Look through the listing below for the line with "Пресc-тележка для сыра" and the line with "Plasticinas 02". Copy both, along with every line between them, exactly and with no pictures.

» Data provided
_ _ _ _
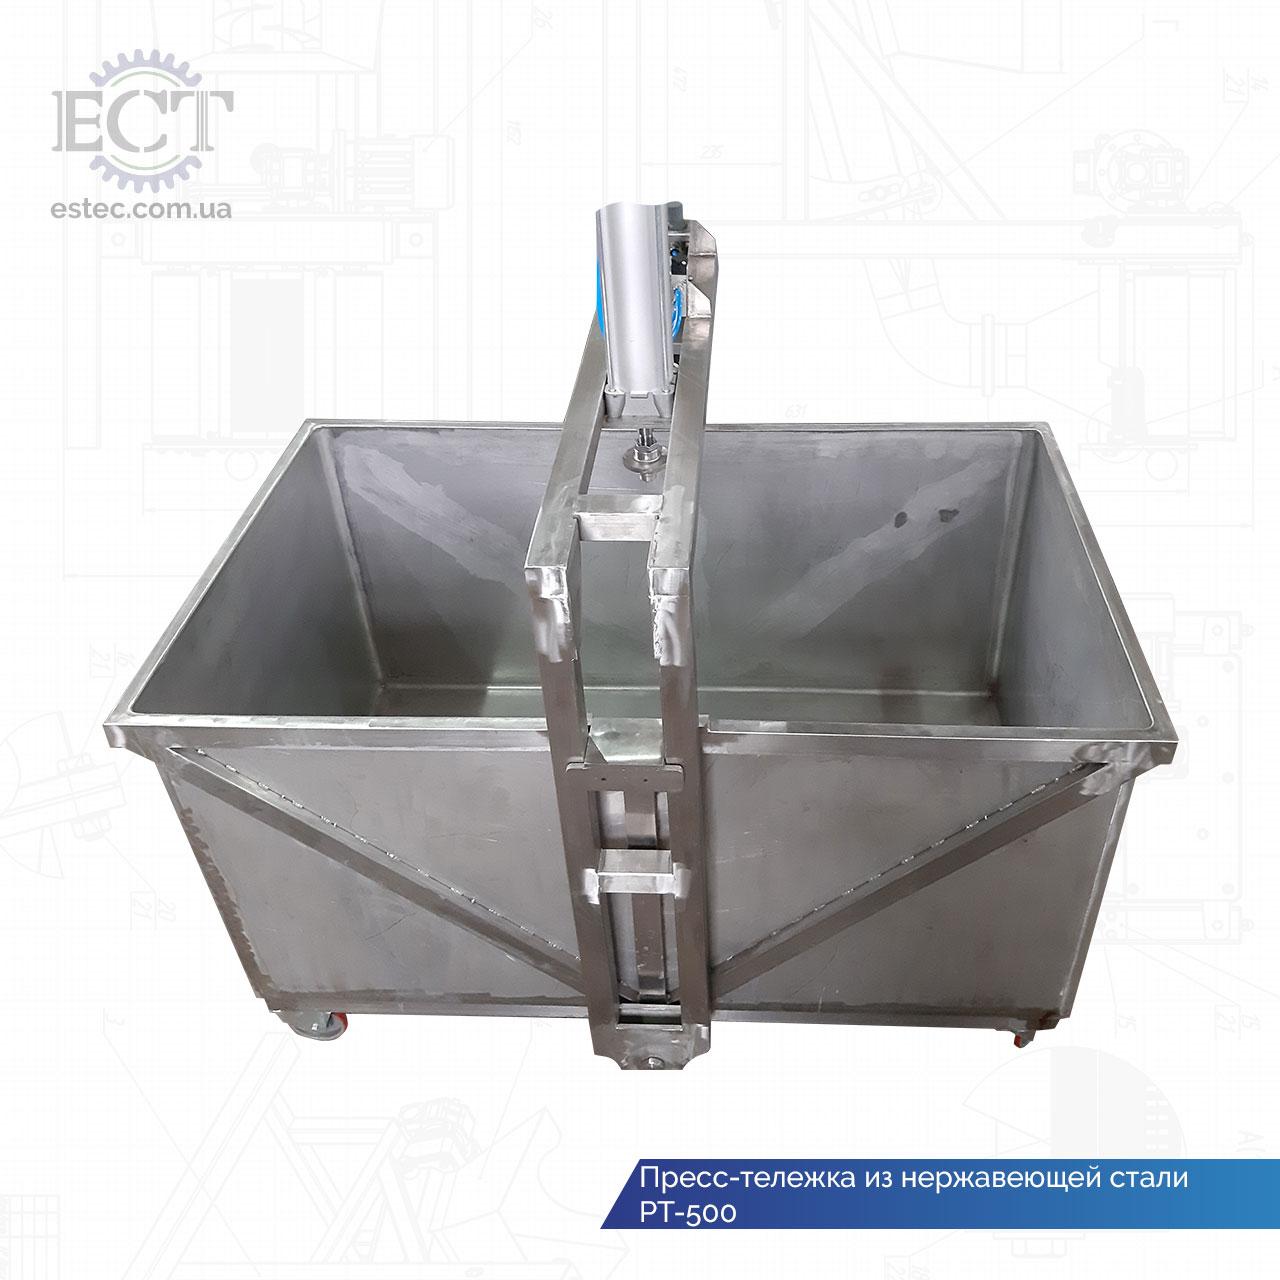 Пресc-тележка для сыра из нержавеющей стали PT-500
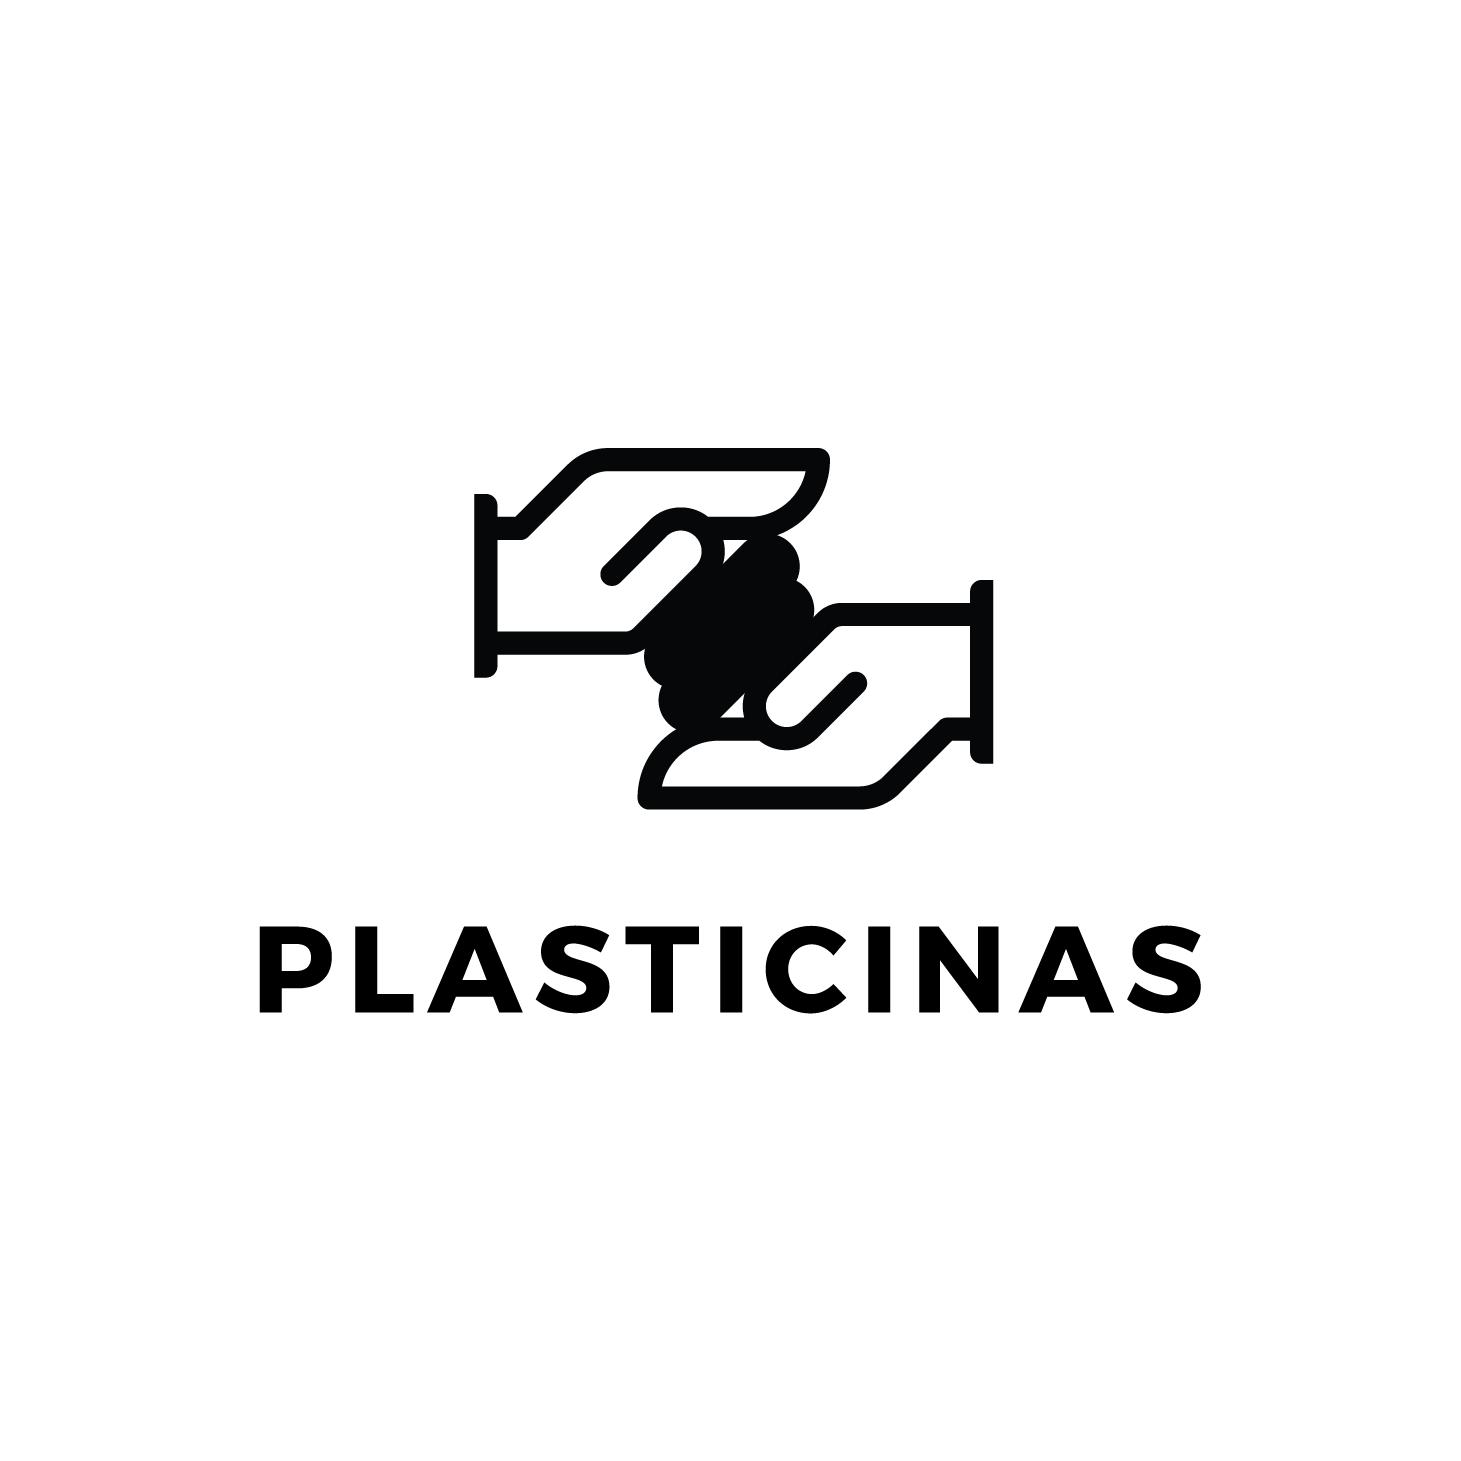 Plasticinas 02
_ _ _ _
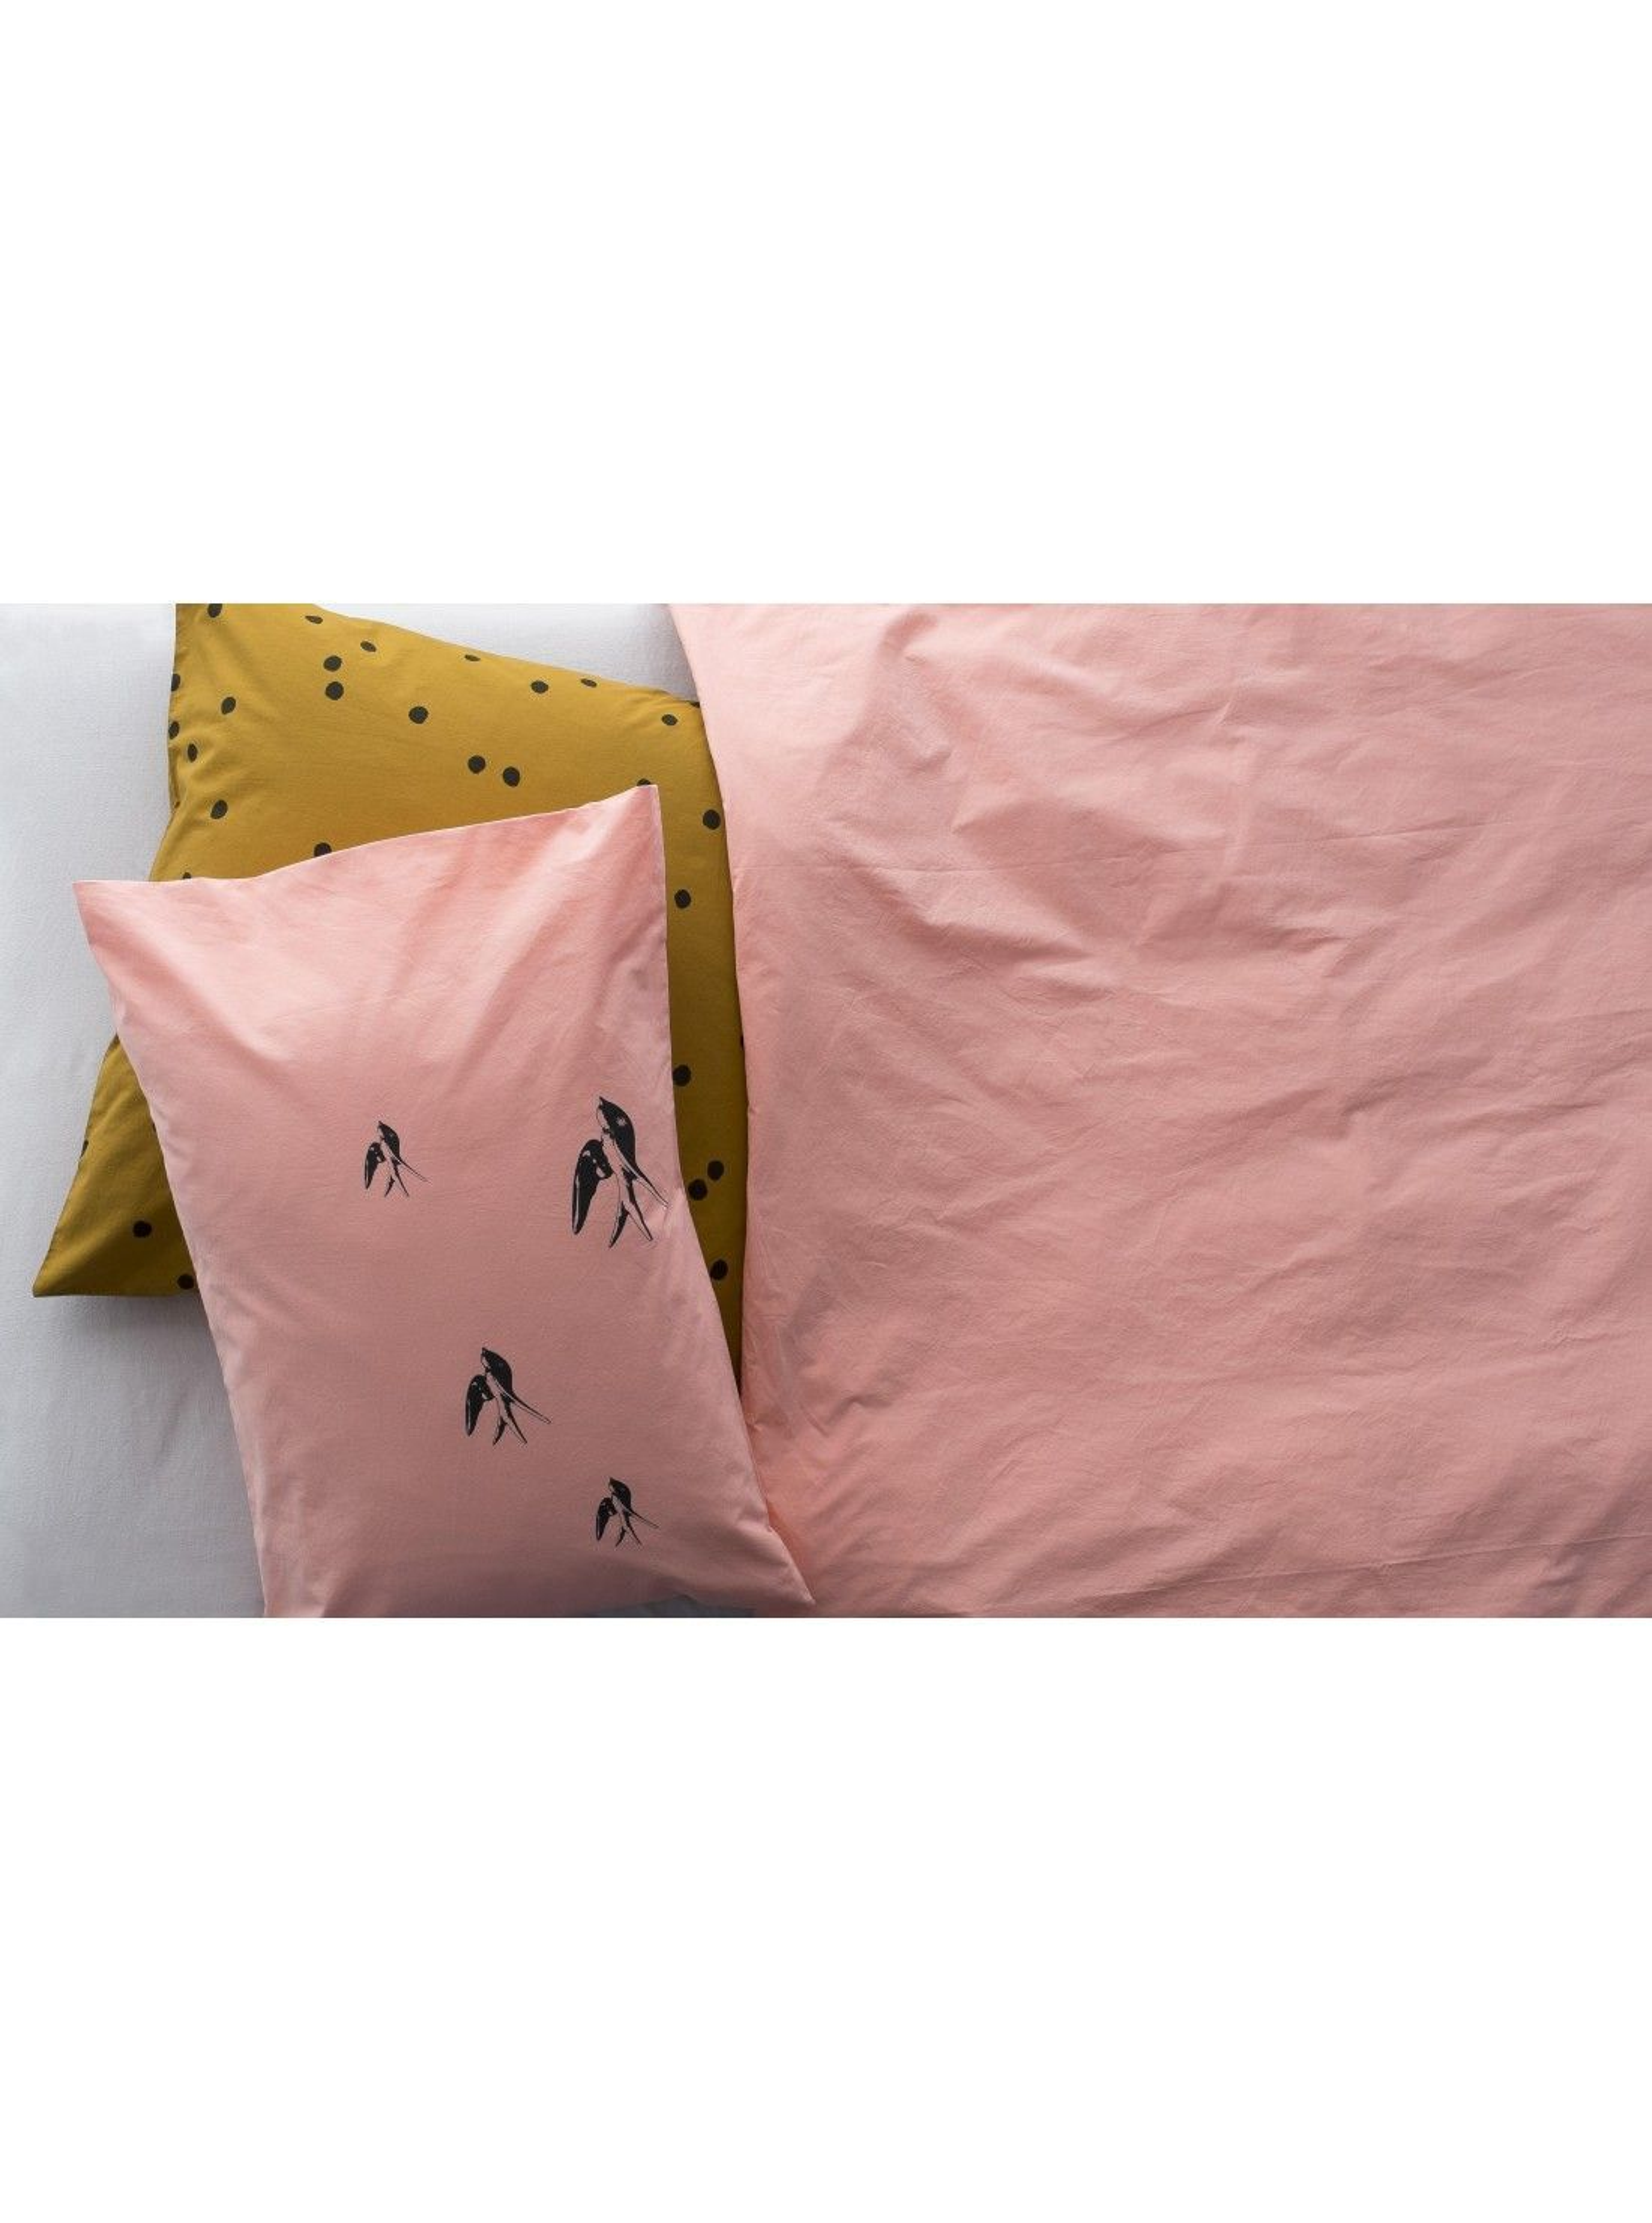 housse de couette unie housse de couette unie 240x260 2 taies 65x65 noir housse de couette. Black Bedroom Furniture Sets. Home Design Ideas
_ _ _ _
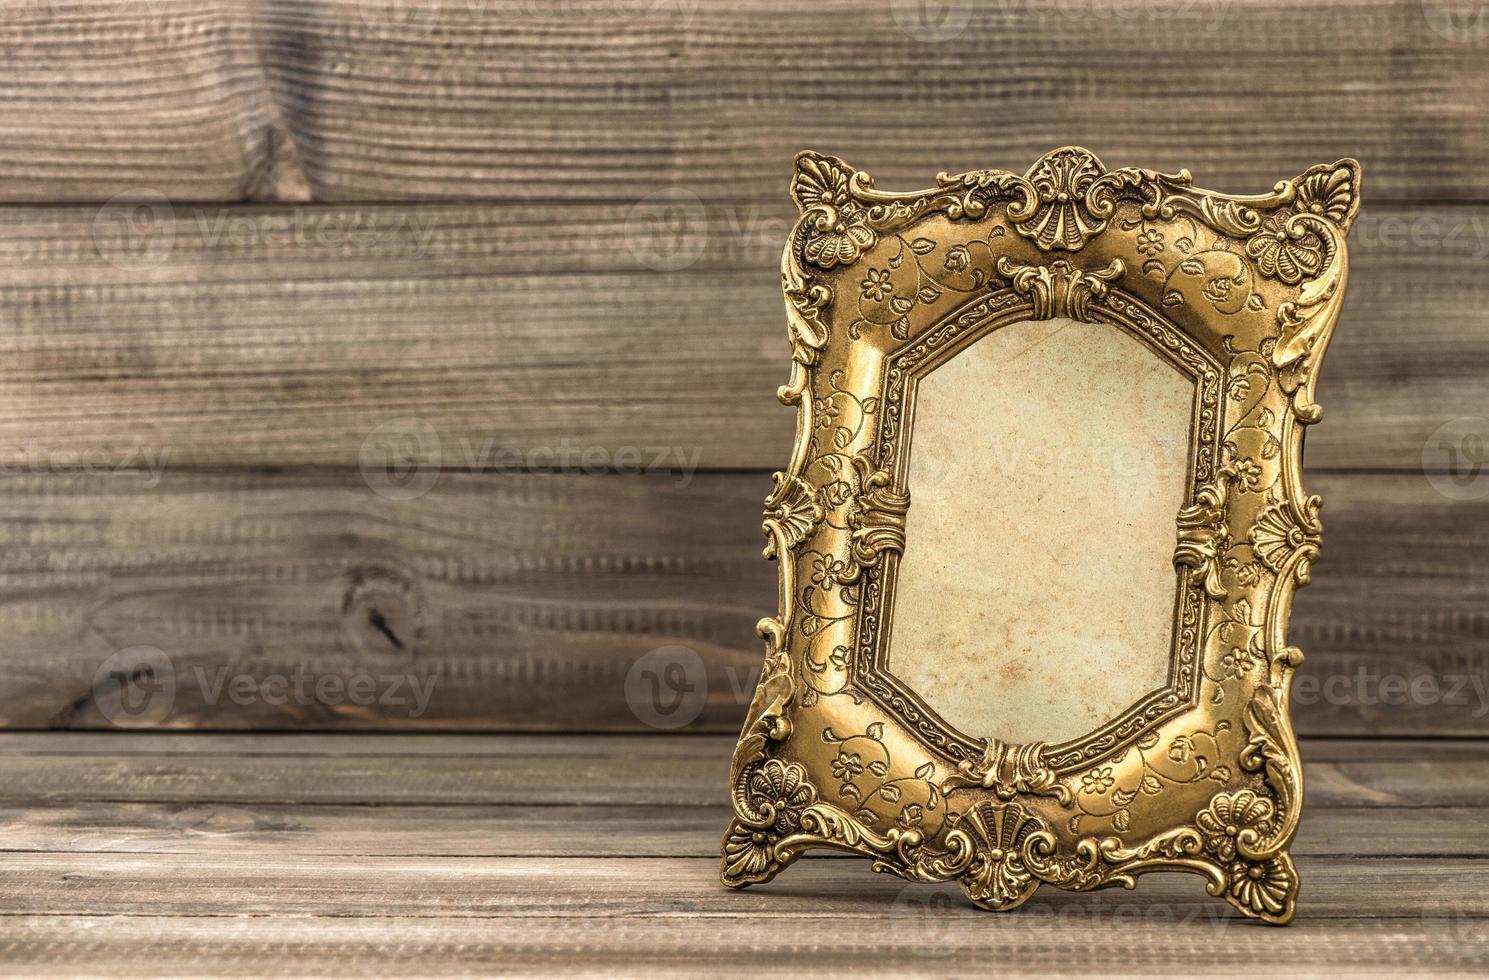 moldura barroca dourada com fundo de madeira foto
_ _ _ _
» Task response
 Пресc-тележка для сыра из нержавеющей стали PT-500
 Plasticinas 02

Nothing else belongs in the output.